The life cycle Dr McCarthy wrote of saw workers entering into an agreement with their employer when they were the most vulnerable cash-wise but had the most to offer from a human capital point of view. Pensions, through their conservative nature offered these employees a beginning at a future they might have ignored otherwise. When the human capital was at its lowest point, the pension was there to help.

Pensions unfortunately do not come with property rights. If a company is sold, dissolved through bankruptcy, or simply goes out of business, the employee can run the risk of losing most of their pension. This was the argument made for the 401(k) plan and was used by President Bush as the basis for his privatization of Social Security.



There are some safe guards in place. The PBGC, or Pension Benefit Guaranty Corporation insures against total loss but has not only a limited reach (companies need to participate in the program by paying premiums for the insurance guarantees.)

Here’s a recent example of how the PBGC works with smaller, lesser know companies.
    ”Tom's Foods filed for Chapter 11 protection in April 2005. In October 2005, it was purchased by Charlotte-based Lance Inc. for $40.2 million plus the assumption of some company liabilities. The transaction did not include the pension plan.”

    Also noted in the article by Steven Taub for CFO.com was this comment about the transactions: “because Tom's Foods missed nearly $4.5 million in required pension contributions and the pension plan will be abandoned as a result of the sale of substantially all of the company's assets.” PBGC has guaranteed no interruption in pension payouts for current retirees and guarantees the pension for those that have vested.


How much pension you receive should your former employer face such events depends on when you retire.
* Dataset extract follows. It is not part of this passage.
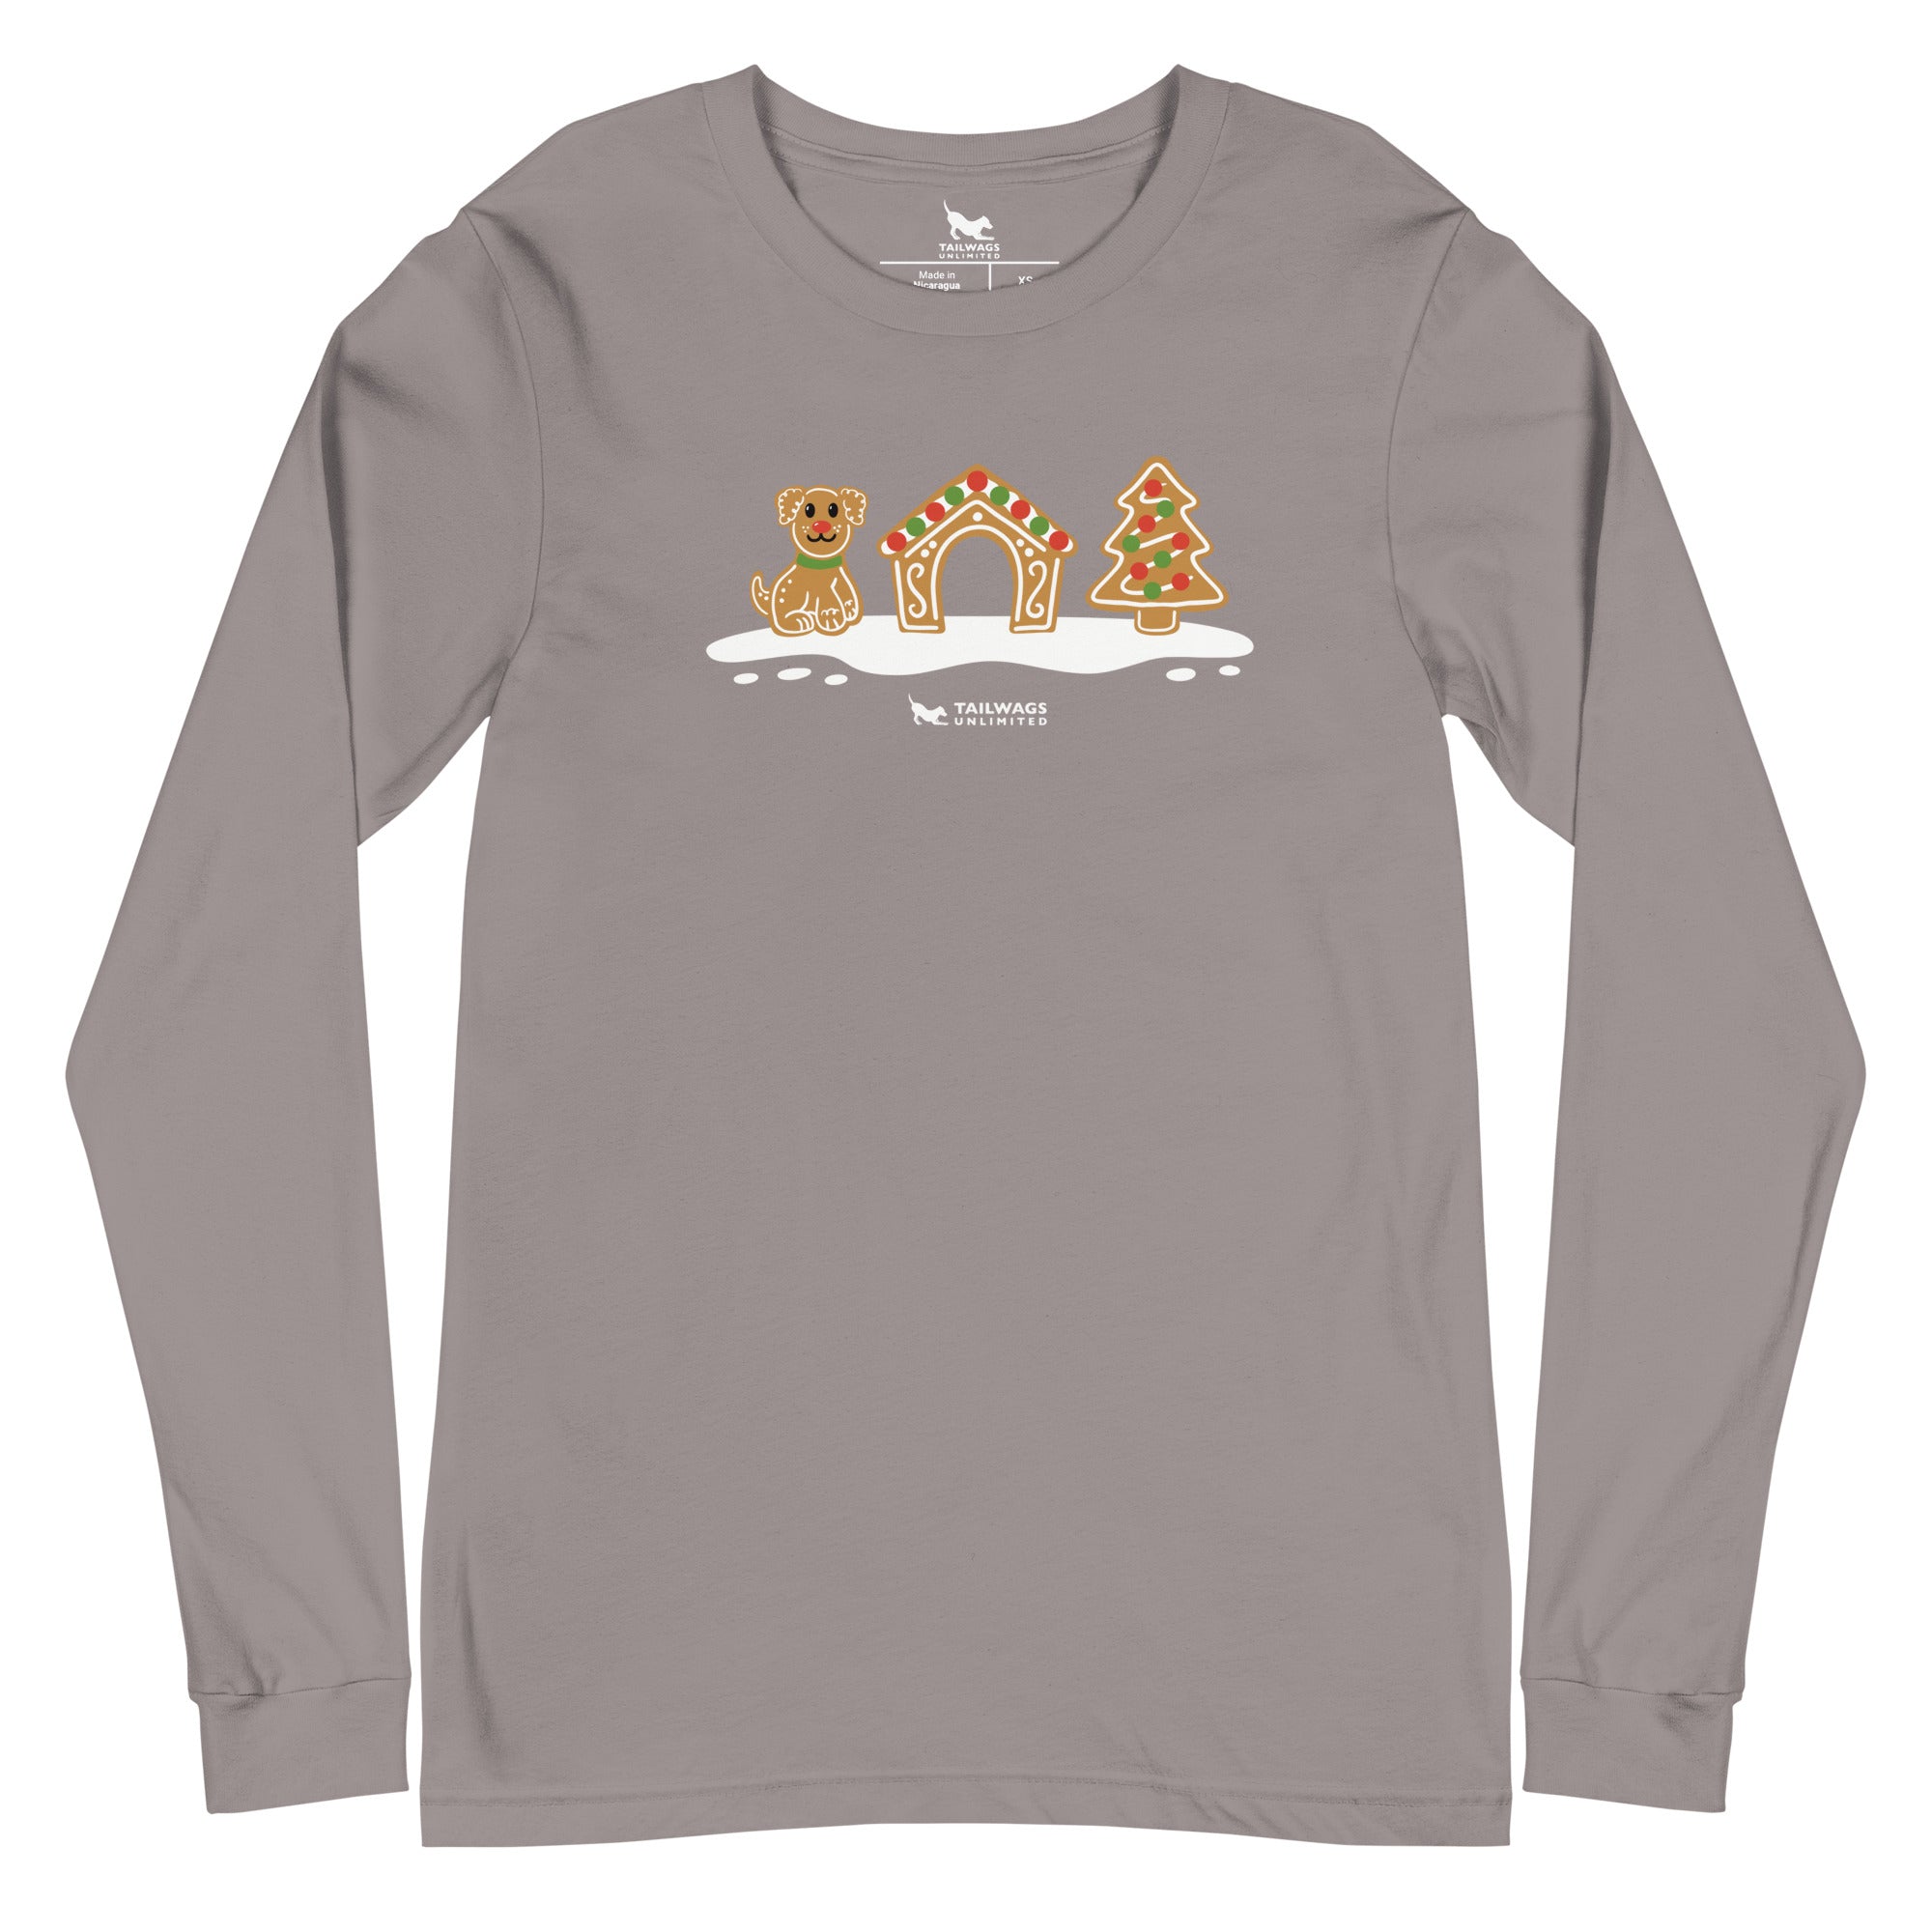 Gingerbread Doghouse Long Sleeve Tee - TAILWAGS UNLIMITED

Recently, the PBGC, which was created by ERISA, raised its maximum pension payout for those retiring at 65 years old in 2008 to $51,750 (that is a 4% increase over the previous limit of $49,500 for plans ending in 2007.)

The maximum amount of payout for an individual who retires at 75 is $157,320 with a guaranteed benefit of $12,938 for those who retire at 45.

There are ways to check to see if your pension is at risk of being under funded. One is to ask for a health record of your plan. Troubled plans usually rely on optimistic projections of the underlying investments or worse and secondly, because of poor performance of the company leaving the plan with no funding to meet its obligations. Those obligations by the way are a result of actuarial tables used to determine the life span of the workers. If you sense your company is in trouble, plan for the worst – even if your pension payout is guaranteed.